The Sehgal group's experiments involved fruit flies that carry a gene similar to that for the human nerve disorder neurofibromatosis type 1 (NF1).The researchers discovered that flies with this mutant gene lose their 24-hour sleep/wake cycle. By then tracing the information flow within the neural networks of flies with the NF1 gene, the researchers found that the gene regulates a well-known signaling pathway called the Ras/MAPK pathway.

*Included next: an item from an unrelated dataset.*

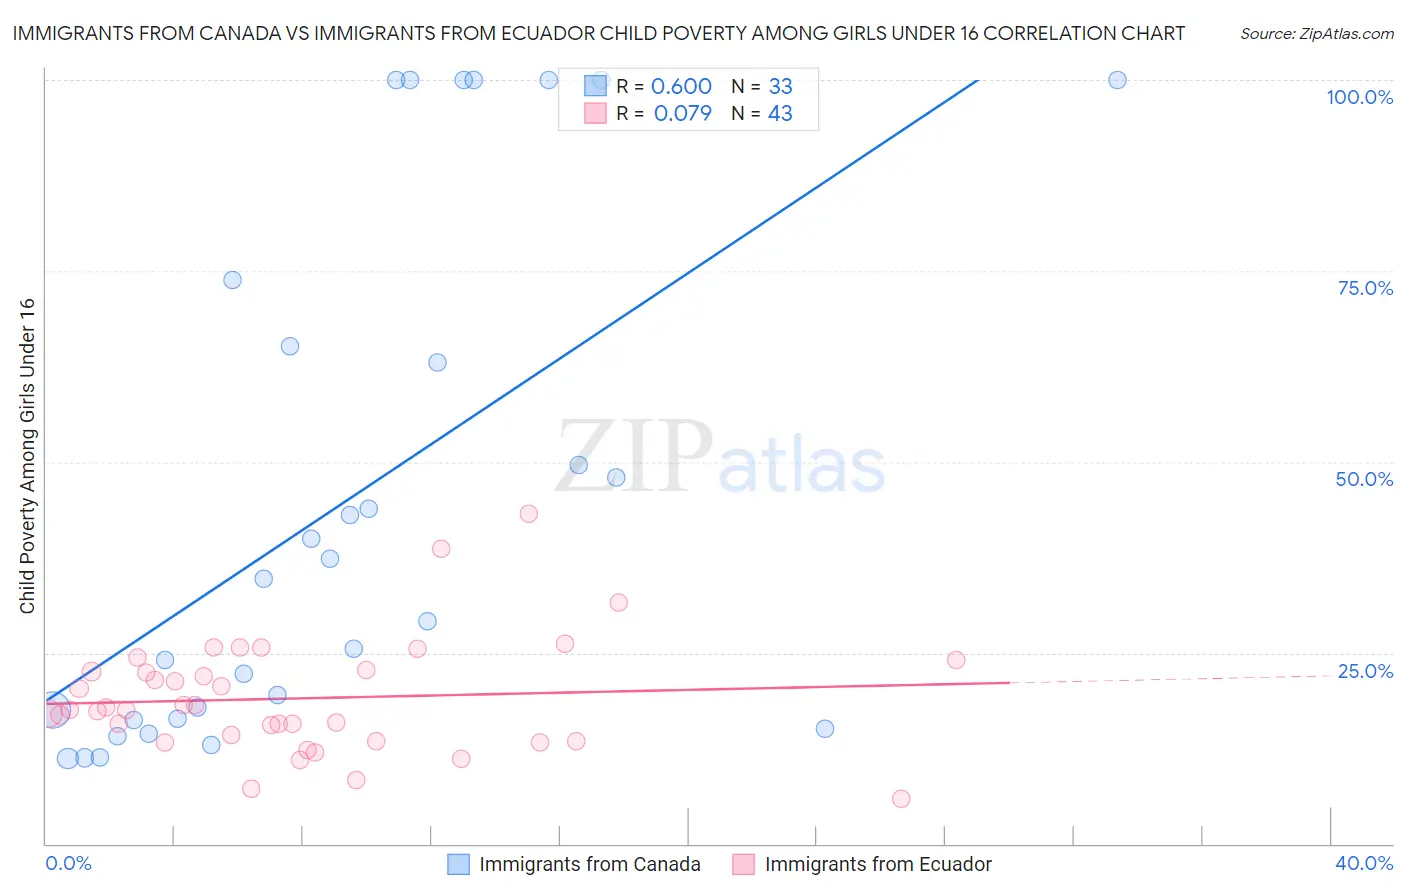 Immigrants from Canada vs Immigrants from Ecuador Child Poverty Among Girls Under 16

The effects of the Ras/MAPK pathway on sleep/wake cycles are not exerted in neurons that actually contain the master circadian clock. The master clock cells secrete a hormone, which then regulates this pathway in other cells. Thus, this pathway functions within the circuit that transmits information from the clock neurons to the sleep/wake centers in the brain. "We believe this marks a significant step in helping us understand how the circadian clocks communicates time-of-day signals with the rest of the body," says Sehgal.

Because Droophila melanogaster displays rest and activity cycles that are very similar to the sleep/wake cycles of humans, it's very likely that the pathway is the same in humans. "It may be possible one day to identify molecules that could be targeted by drugs to help relieve jet lag and other clock-related problems," says Sehgal.

Sehgal experiments may also lead to a better understanding of NF1. An inherited neurological disorder that occurs in about 1 in 3,000 babies, NF1 is characterized by "cafe-au-lait" (brown-and-cream colored) spots, neurofibromas (benign tumors in the coverings of nerves), and Lisch nodules (tan or brown benign tumors on the iris of the eye). Anecdotal evidence, says Sehgal, suggests that people with the disorder often have sleep problems.

"Our findings make the NF1-mutant fly a more useful model for the study of neurofibromatosis in humans," Sehgal says.